◆ Provided material:
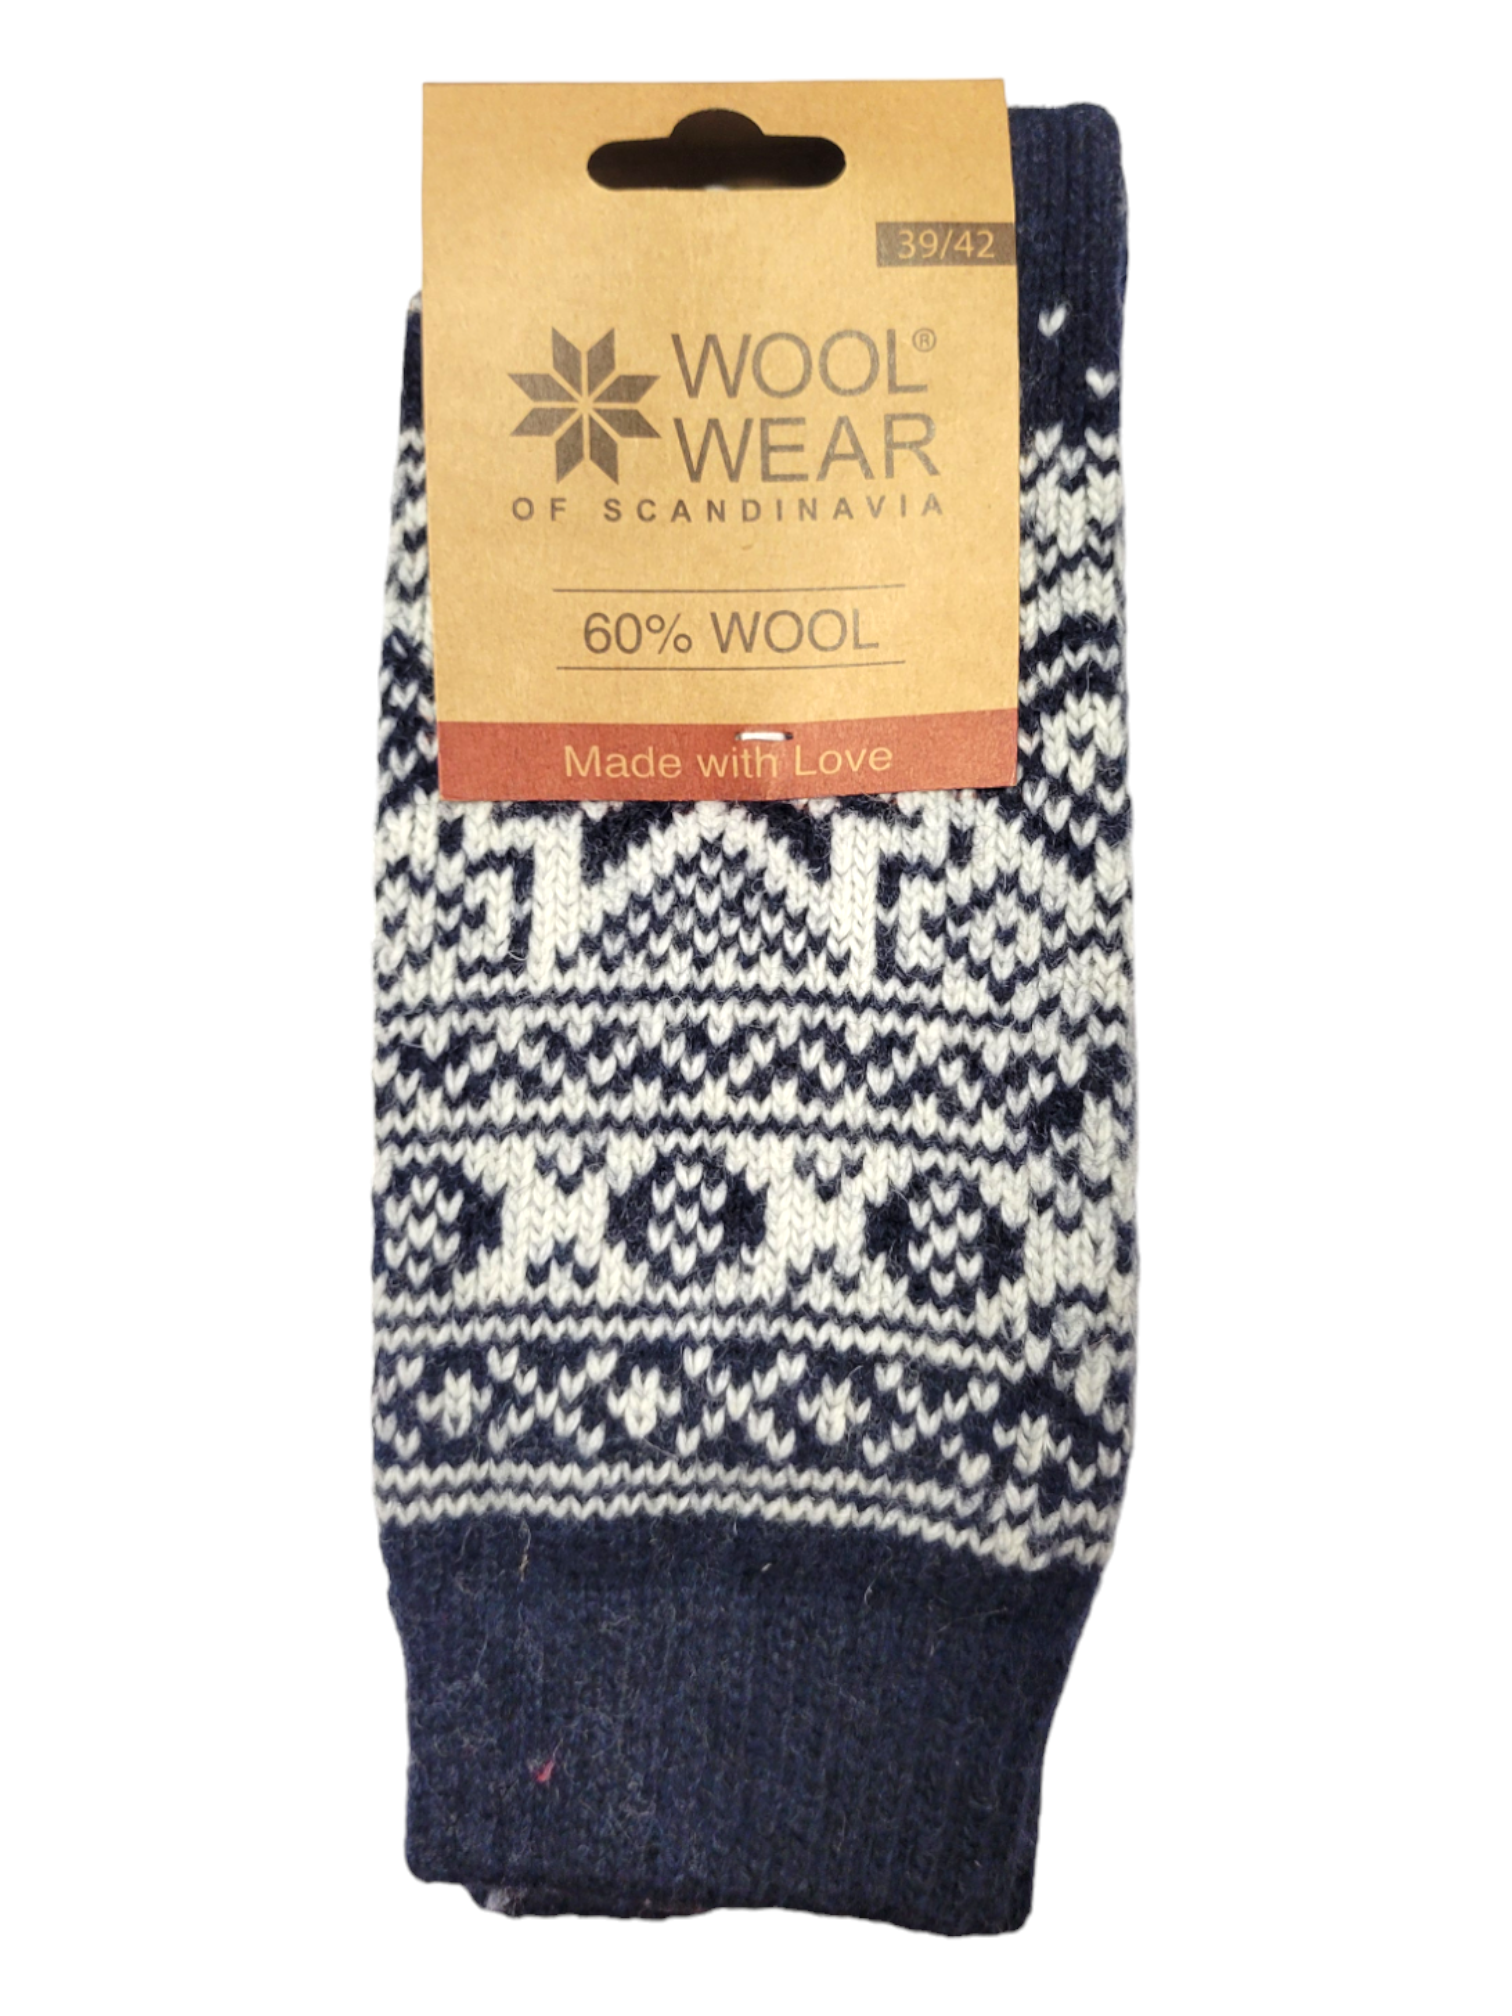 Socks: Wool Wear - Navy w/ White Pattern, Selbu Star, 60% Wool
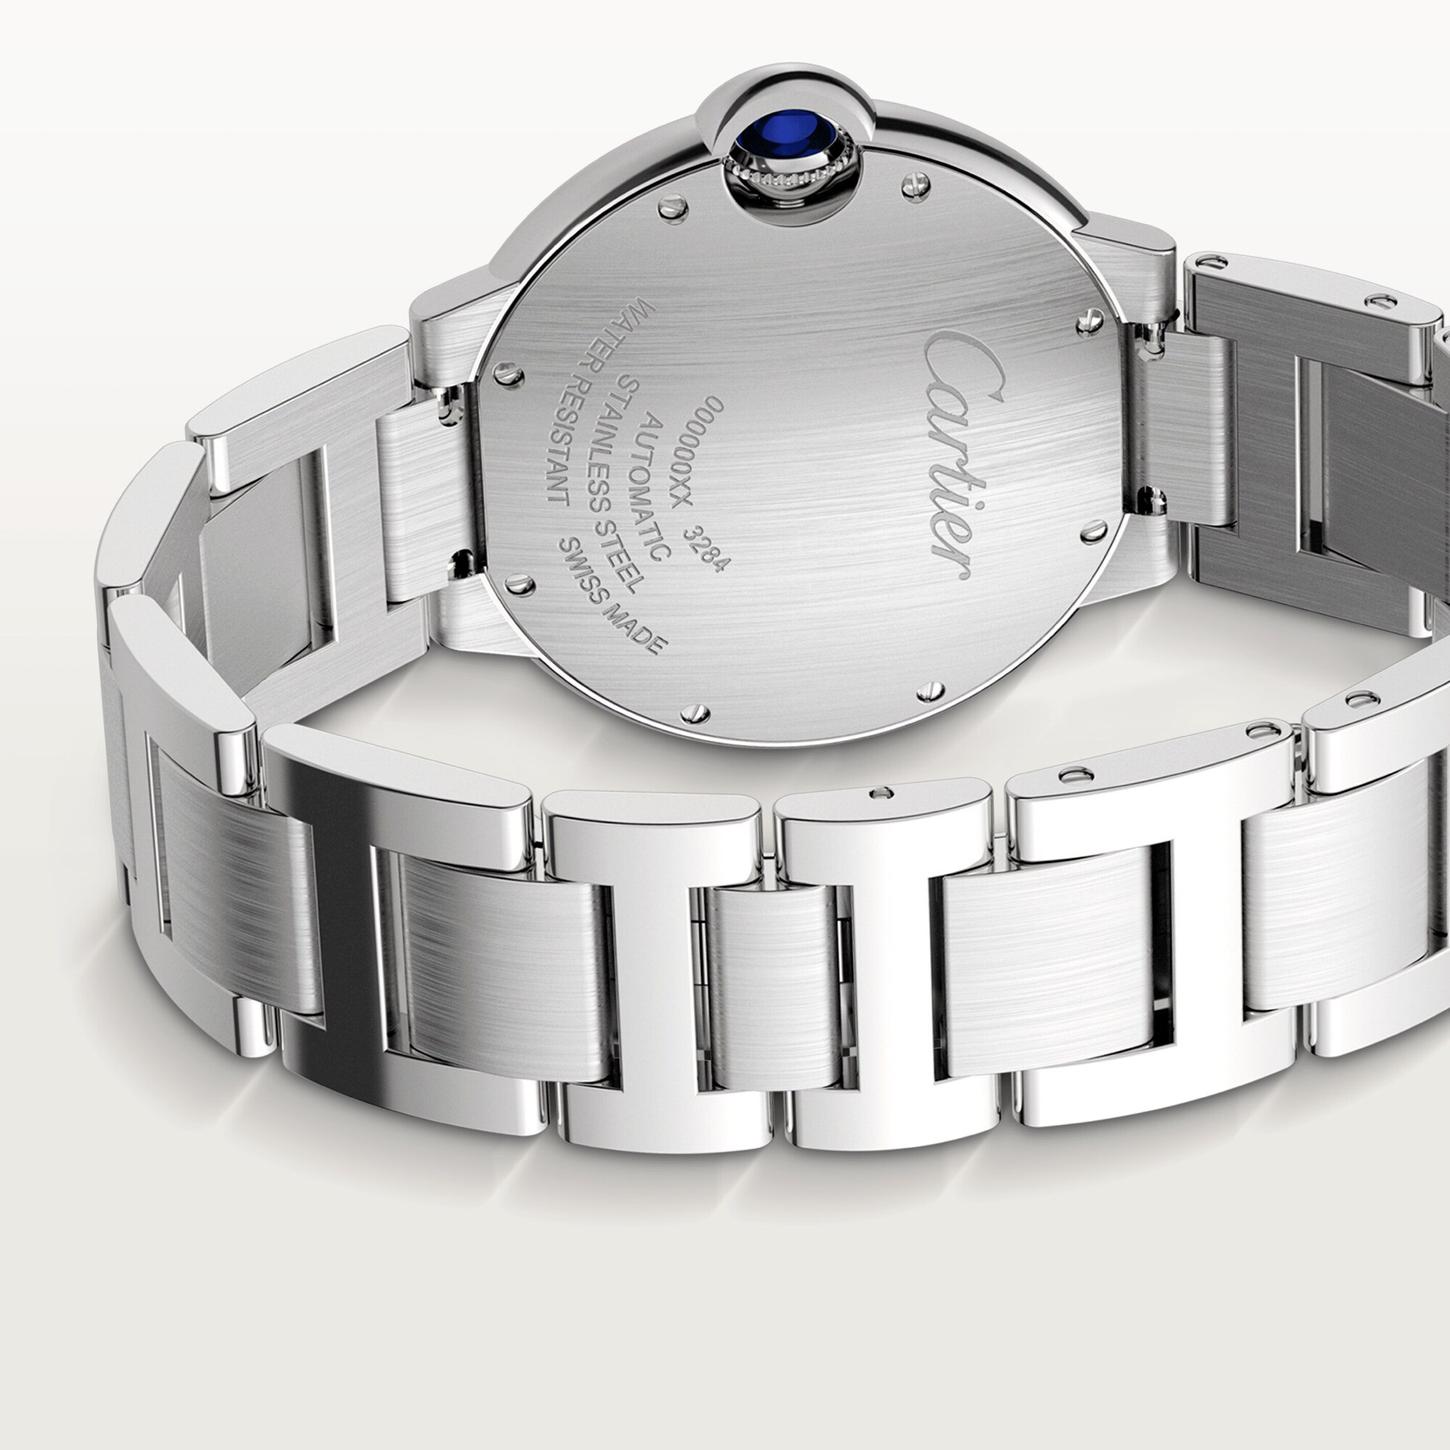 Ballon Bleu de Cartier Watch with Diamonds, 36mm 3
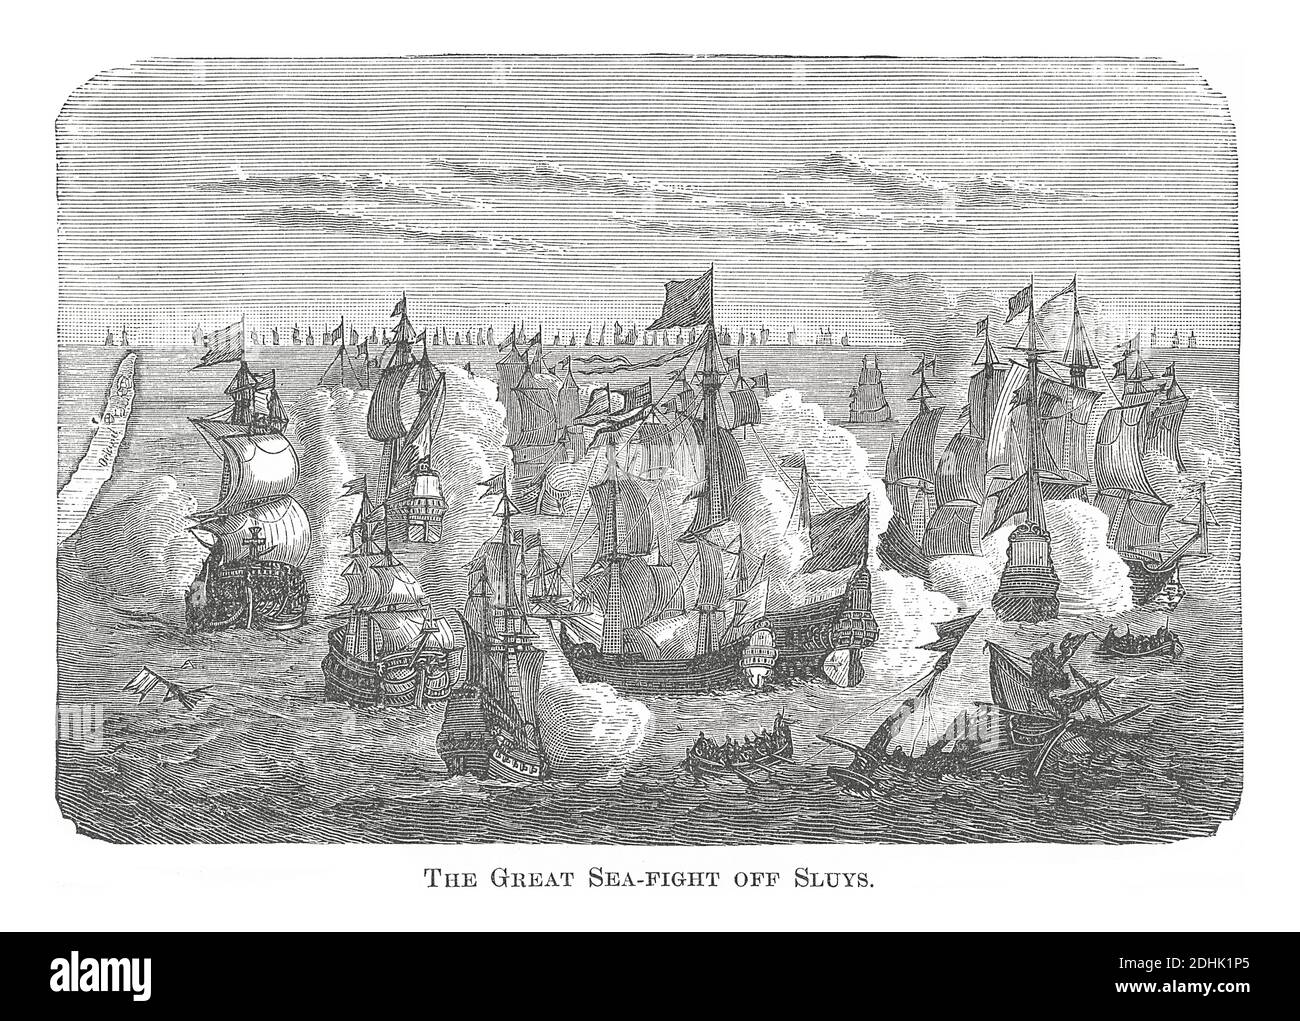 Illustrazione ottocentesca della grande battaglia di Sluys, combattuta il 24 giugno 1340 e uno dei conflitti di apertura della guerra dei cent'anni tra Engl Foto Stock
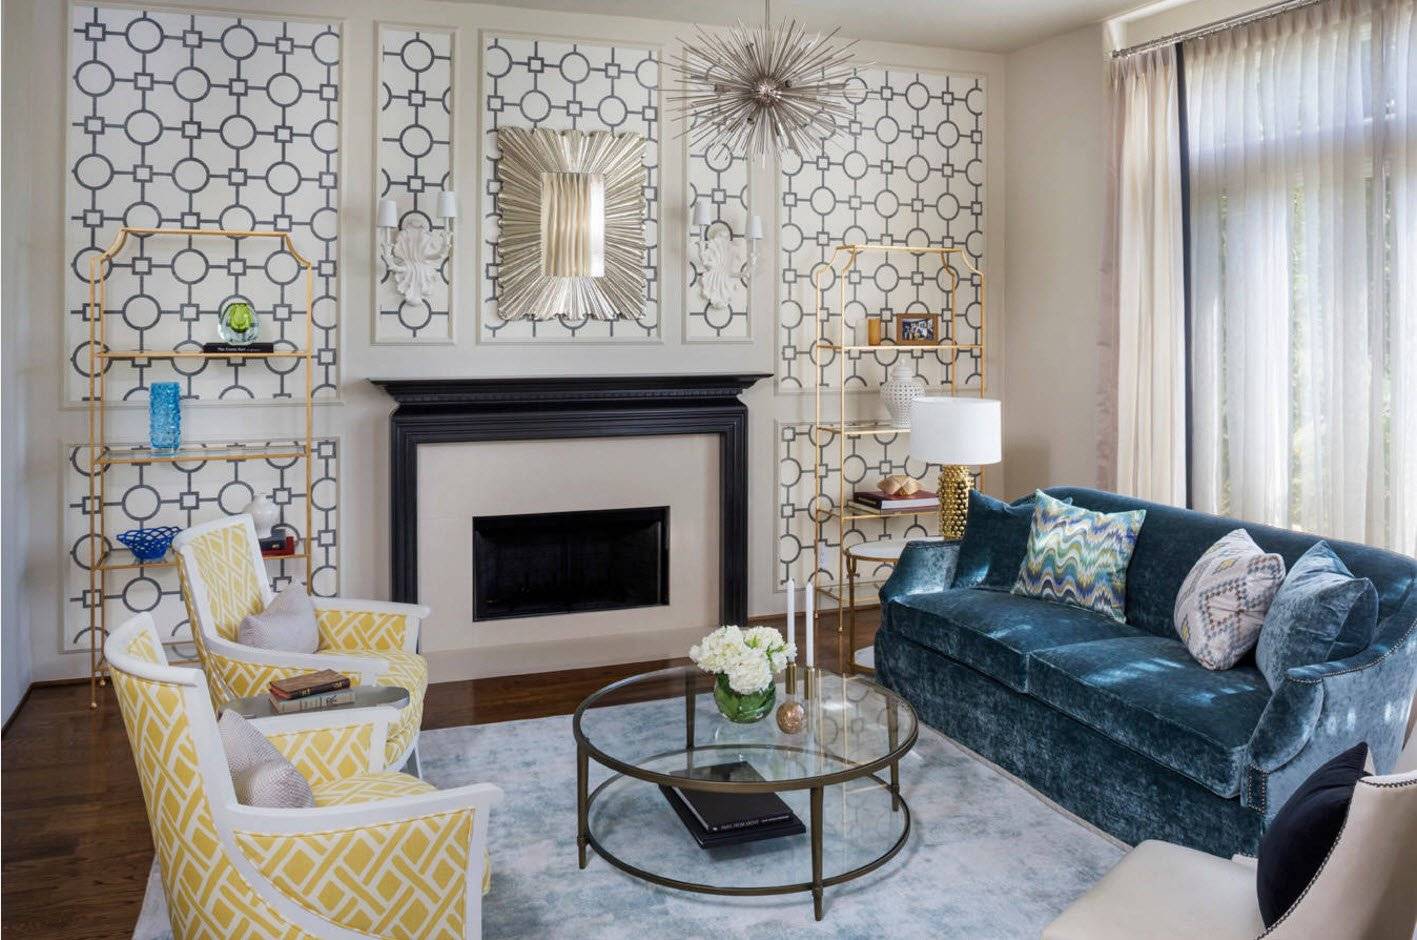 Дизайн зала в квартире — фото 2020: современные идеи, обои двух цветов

◆ To do:
Return the whole of the material above exactly, with no picture carried over.

◆ Response:
 Socks: Wool Wear - Navy w/ White Pattern, Selbu Star, 60% Wool
 Ballon Bleu de Cartier Watch with Diamonds, 36mm 3
 Illustrazione ottocentesca della grande battaglia di Sluys, combattuta il 24 giugno 1340 e uno dei conflitti di apertura della guerra dei cent'anni tra Engl Foto Stock
 Дизайн зала в квартире — фото 2020: современные идеи, обои двух цветов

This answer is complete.